May be the first to note on ResearchGATE (figure 2) is that it is European, even though it has successfully entered the US market. Like so many other Web initiatives, ResearchGATE was founded by three young researchers that met in German universities, and in just a brief period has expanded greatly.

Currently, it has headquarters in Boston and Hanover, and various other scientific societies have adopted ResearchGATE as their communication platform: the International Academy of Life Sciences, the European Science Foundation and the Max Planck PhDnet (Max Planck Society doctoral student network).

It also has the Global Advisory Network, which is an international network of network consultants and advisers consisting of professors and researchers from various countries. Some countries are very well represented, like USA and Germany with dozens of advisers, but other countries less so. Spain, for example, only had two in March, 2009. The whole African continent also only had two, and countries like France were at intermediate levels with four advisers (all data refers to March, 2009).

4.2. Document management

It offers the three possible dimensions or varieties of what we have called Document management in Table 1, including a semantic search, but all with some limitations.

The automatic data import by loading files works with Endnote and Reference Manager. It also accepts the generic formats BibTex and RIS, but only when encoded in XML. This limited, for example, being able to properly import some RefWorks registries (some of the fields had to be edited manually) even though this is one of the current top bibliographic managers.

The bibliographic file is very limited, and even though it properly completes the professional profile in terms of recognising their works, it can not be compared to those that a specialised manager provides, like those previously mentioned. It provides an option to send our bibliographic information to other researchers.

The search for information is also limited, since currently it only works with six sources, all digital repositories: arXiv, CiteSearch, IEEE Xplore, NTRS, PubMed and RePEc. It has a total of 30 million documents, but without barely any representation of the humanities and social sciences, and without any European repositories (despite its origins), nor are there any documents in languages other than English. If we compare this with the 400 million documents that Scirus offers, with hundreds of sources from around the world and in all disciplines and dozens of languages, we can confirm that this is a very limited option.

In terms of its semantic search, the tests performed (not systematically) did not provide us with good results. It was always more effective to search via key words. This did not surprise us, since semantic searches are still in their early stages in any context, and more so in a general context.

4.3. Other characteristics

What most stood out with ResearchGATE was its overall elegant interface and the way it presents its specific network member profile, distributed in six tabs: About me, Publications, Library, Contacts, Groups, Network graph (figure 3).

Finally, we must note: This is a visual way of viewing information from different parts of our network: contacts, publications and groups. The following illustration shows the presentation of the author's incipient network.


Figure 3. A ResearchGATE network represented visually


5. Other academic networks and similar initiatives

Besides ResearchGATE, there have been a number of other academic networks or similar initiatives. Some of them, like ResearcherID, are associated to important groups like Thomson Reuters (even though we did not focus on this page since it does not present as much of a Web 2.0 profile as ResearchGATE does, as of now).

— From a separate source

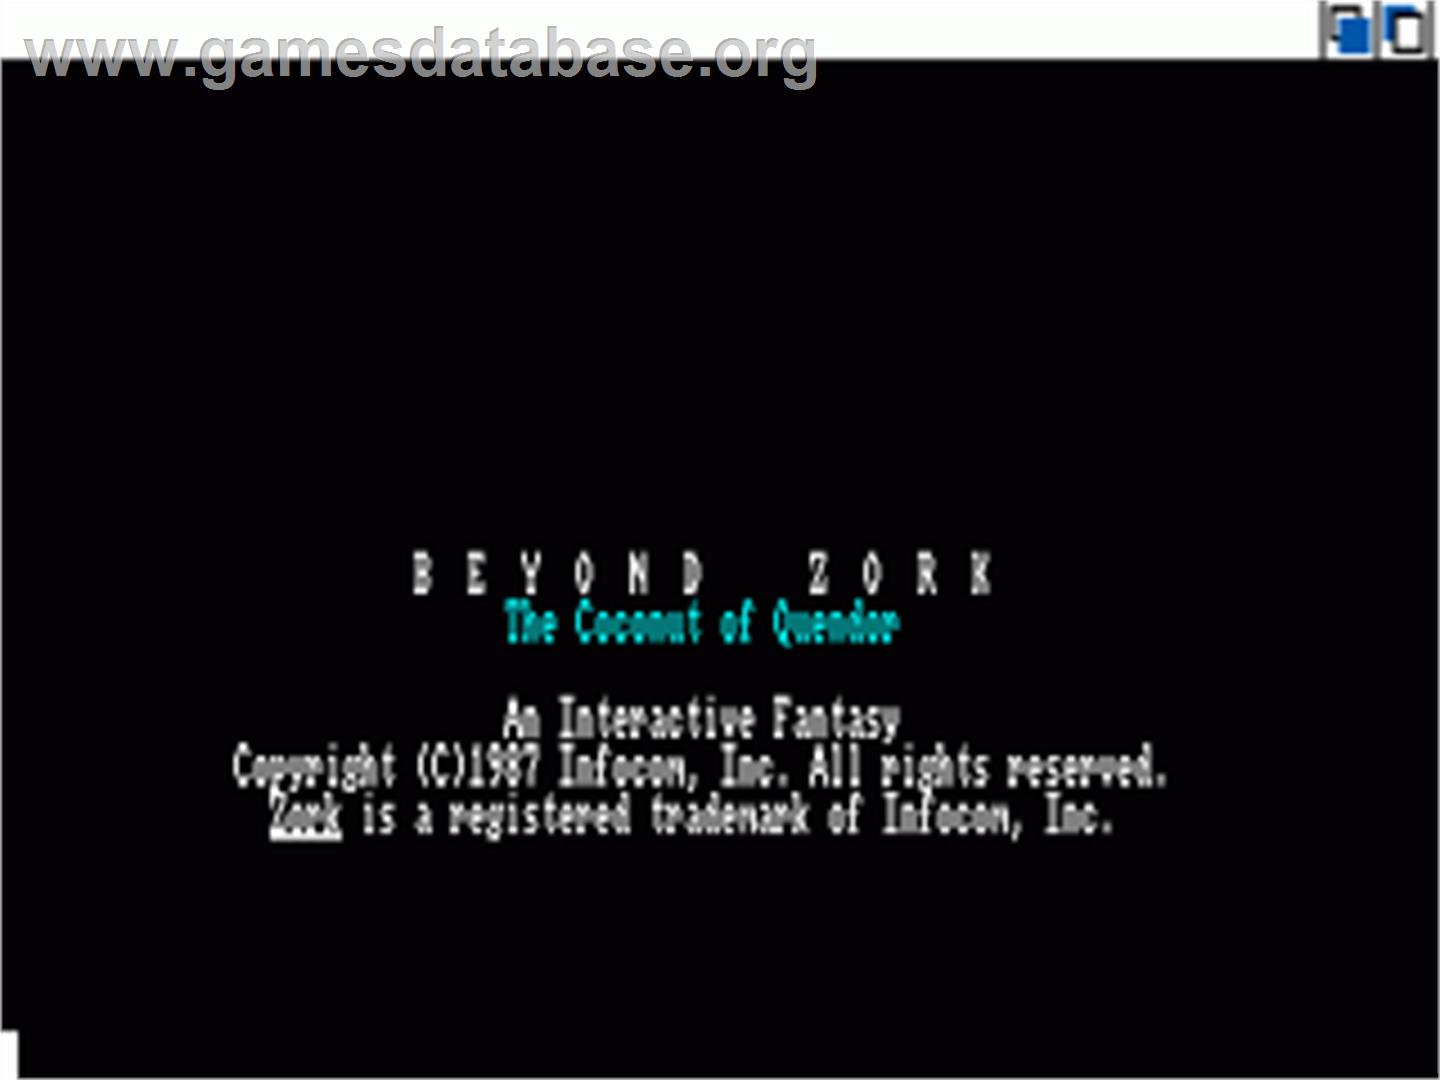 Beyond Zork: The Coconut of Quendor - Commodore Amiga - Artwork - Title Screen

Table 2 includes a small list of academic social networks.

Name / Observations URL
LinkedIN This is not specifically an academia network, but it is a network used by many professionals in general, including a large number of university users throughout the world.
EXITThis is a Spanish directory of communication, information and documentation professionals. Associated to the magazine El Profesional de la Información (a publication indexed in the ISI)
ResearcherID A network associated to the powerful company Thomson Reuters, the creators of ISI databases.
SciLink A social network founded by Brian Gilman, a scientist and inventor, after the creation of a company
Scholar Universe A social network of another large creator and distributor of databases, Proquest, which also manages RefWorks databases.
Academici Belongs to a private English company of the same name, and is the only social network that includes both free and pay services (Premium).
LalisioA German company that also belongs to the German-US company (Q-Sensei) with headquarters in the United States. However, Lalisio's headquarters is in Germany. Founded in 2001, it may be one of the oldest academic networks. This network's executive management is compose of scholars and doctoral students from the US and England. Somehow they have obtained the membership of key scientific figures like Nobel Prize winner Paul Krugman, along with Stephen Hawking and Richard Dawkins. It appears to be experiencing a strong expansion.

Table 2: Other academic networks and similar initiatives


6. On-line applications

Without a doubt online applications are going to change (or revolutionise) office software in upcoming years. In other words: The future version of Office (MS or Open) will no longer be executed locally. Instead we will connect to a web server and execute it from a browser. Of course after having identified ourselves and having entered into our personal space. We will only occasionally use the corresponding offline version, the opposite of what we do now.

If this seems strange, think of the way other applications like bibliographic information managers, content managers or blog managers routinely work.

Table 3 is a summary of characteristics of both types of applications (online and offline).

Characteristics Off-line Online
Application maintenance Final user's responsibility Service provider's responsibility
Use of the application Local mode from a computer with the necessary pre-installed and configured application From any computer from any part of the world, without the need of installing an application previously.
Data storage On a hard drive on a specific computer only accessible locally ("one at a time") A web server's hard drive, accessible from any browser and by various users. A user hard drive if desired.
Safety Typical of end users (weak and contradictory) Typical for professional organisations (strong and systematic)
Potential speed Very high (only limited by the user hardware) High/Medium/Low (limited and depending on the type of internet connection)
Functions Without a priori limits Limited due to logistical problems

Table 3. Off-line vs. On-line

The previous table shows a list of advantages and disadvantages of the off and on-line applications. Except for speed, for end users it seems obvious that on-line applications are increasingly more attractive, and surely speed will be losing importance.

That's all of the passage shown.